- Theatrical release poster
- Directed by: Tom Volf
- Written by: Tom Volf
- Produced by: Emmanuelle Lepers; Gaël Leblang; Emmanuel Chain; Thierry Bizot; Tom Volf;
- Starring: Maria Callas; Joyce DiDonato;
- Edited by: Janice Jones
- Distributed by: Haut et Court [fr]
- Release dates: November 1, 2017 (Rome Film Festival); December 13, 2017 (France);
- Running time: 113 minutes
- Country: France
- Languages: English, French, Italian
- Box office: $1.3 million

= Maria by Callas =

2017 documentary

Maria by Callas is a 2017 French documentary film about the life and career of opera singer Maria Callas, written and directed by Tom Volf.

==Synopsis==
The film depicts the life and work of opera singer Maria Callas in her own words by using her interviews, letters, and performances to tell her story.
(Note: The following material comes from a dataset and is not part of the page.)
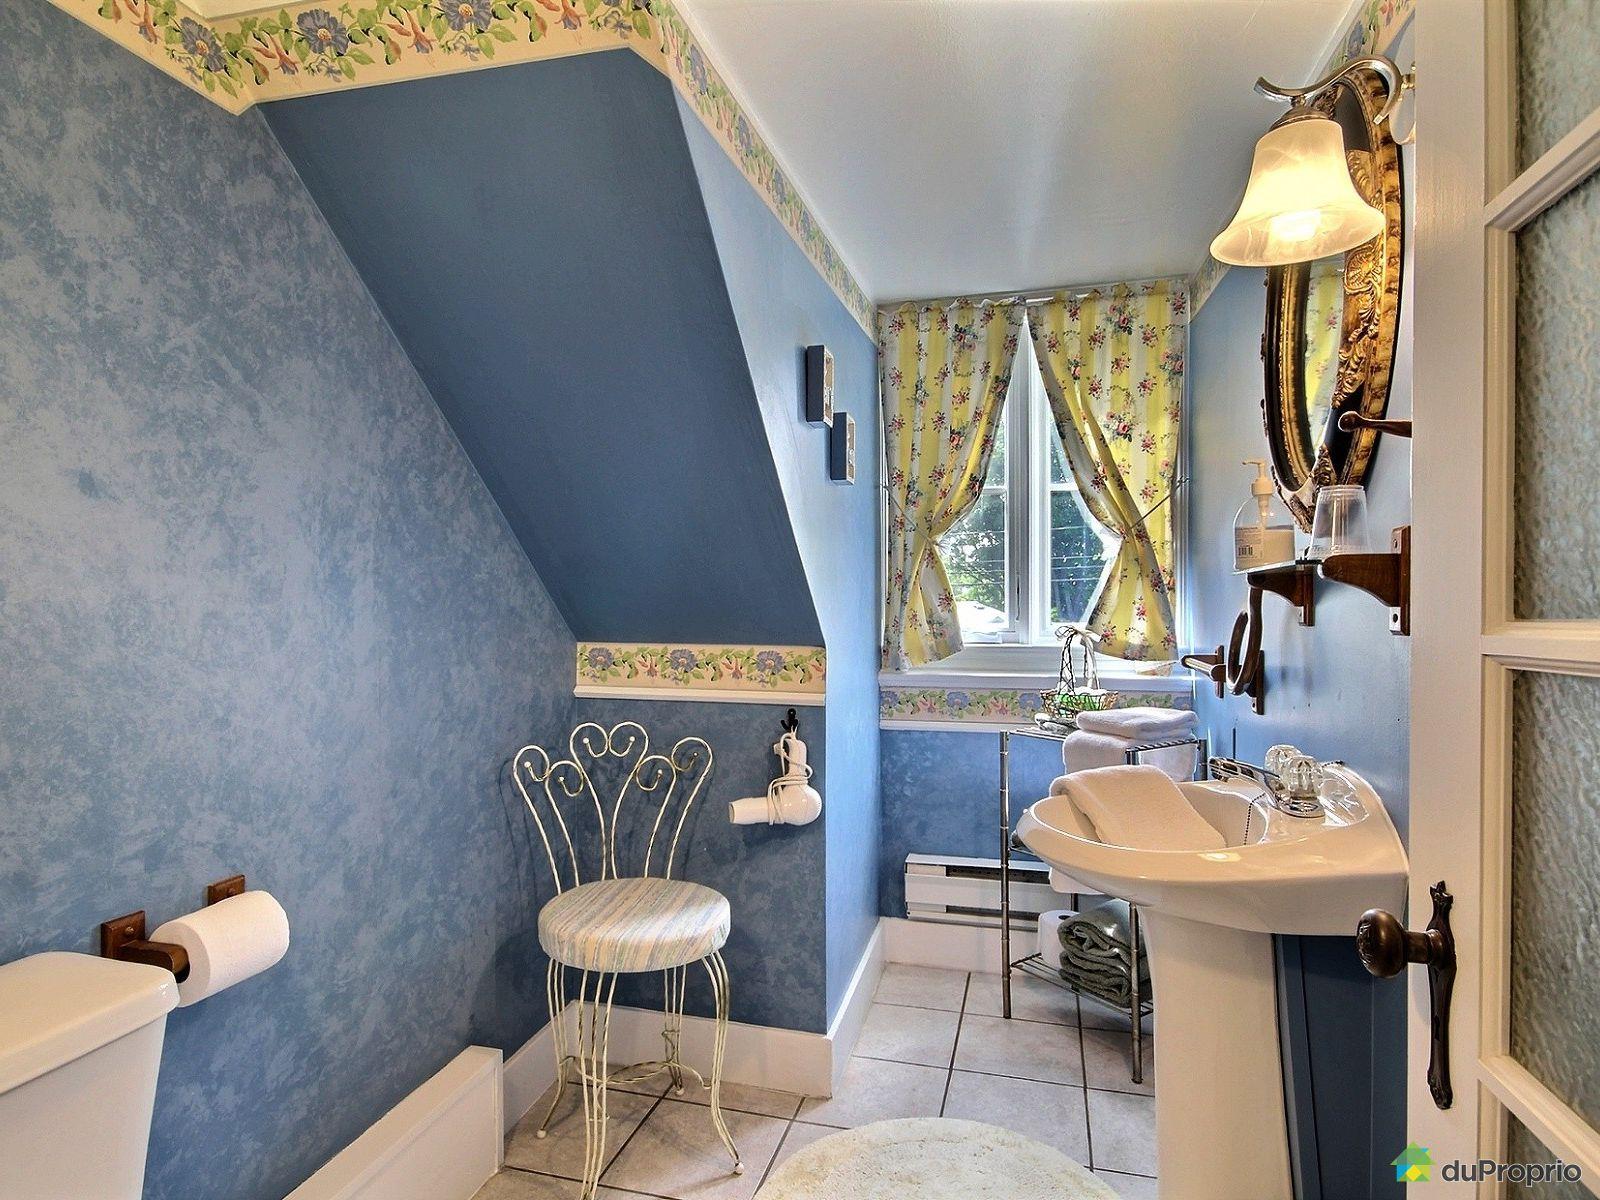 maison vendre ile d 39 orl ans st laurent 7038 chemin royal immobilier qu bec duproprio 705691. Black Bedroom Furniture Sets. Home Design Ideas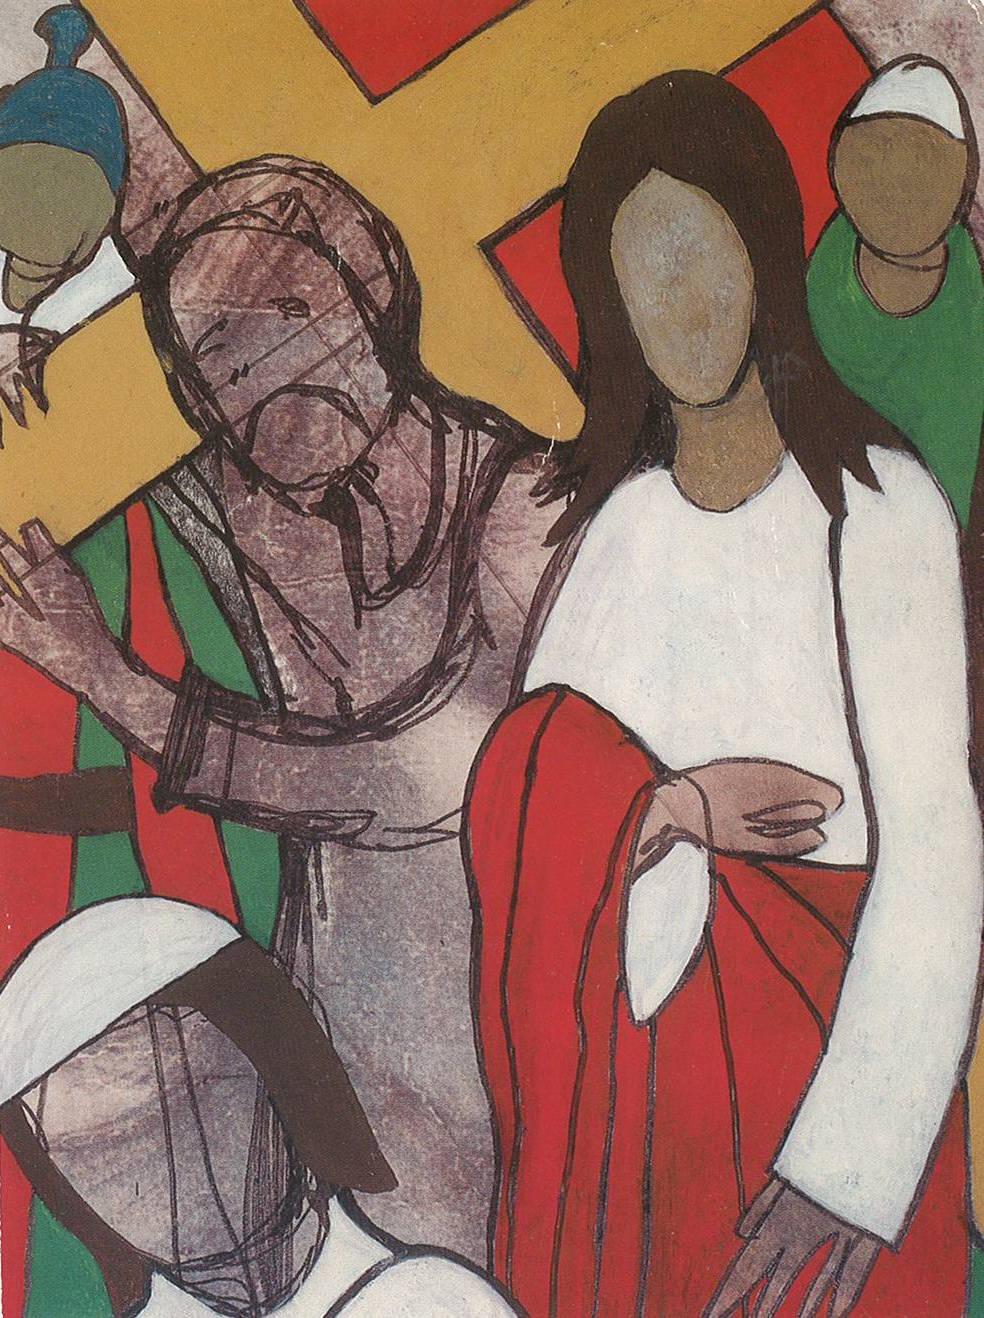 Sedam postaja križnog puta - Peta postaja - Šimun Cirenac pomaže Isusu nositi križ (kombinirana tehnika, 24.5 cm - 20 cm, 10.6.1989.)

Told through performances, TV interviews, home movies, family photographs, private letters and unpublished memoirs—nearly all of which have never been shown to the public—the film reveals the essence of an extraordinary woman who rose from humble beginnings in New York City to become a glamorous international superstar and one of the greatest artists of all time. Opera singer Joyce DiDonato reads her letters and unpublished memoirs; Fanny Ardant narrates in the French version.

==Release==
Maria by Callas premiered at the Rome Film Festival and at the La Baule Film & Score Festival in November 2017. The film had a release in France on December 13, 2017. The film had a limited release in the United States on November 2, 2018. It was shown on BBC Four on Christmas Day 2020.

==Critical reception==
The film has earned high critical praise. Maria by Callas currently has a score of 91% on review aggregator website Rotten Tomatoes from 80 reviews, with an average rating of 7.1/10. The website's critics consensus reads, "Maria by Callas offers an intimate look at the life of a brilliantly talented artist whose absorbing story matches the operatic heights reached by her work. Metacritic, which uses a weighted average, assigned the film a score of 71 out of 100, based on 18 critics, indicating "generally favorable" reviews.

Based on the film, the one-woman-show Maria Callas: Letters & Memoirs starring Monica Bellucci was shown at the Beacon Theatre in New York on 27 January 2023.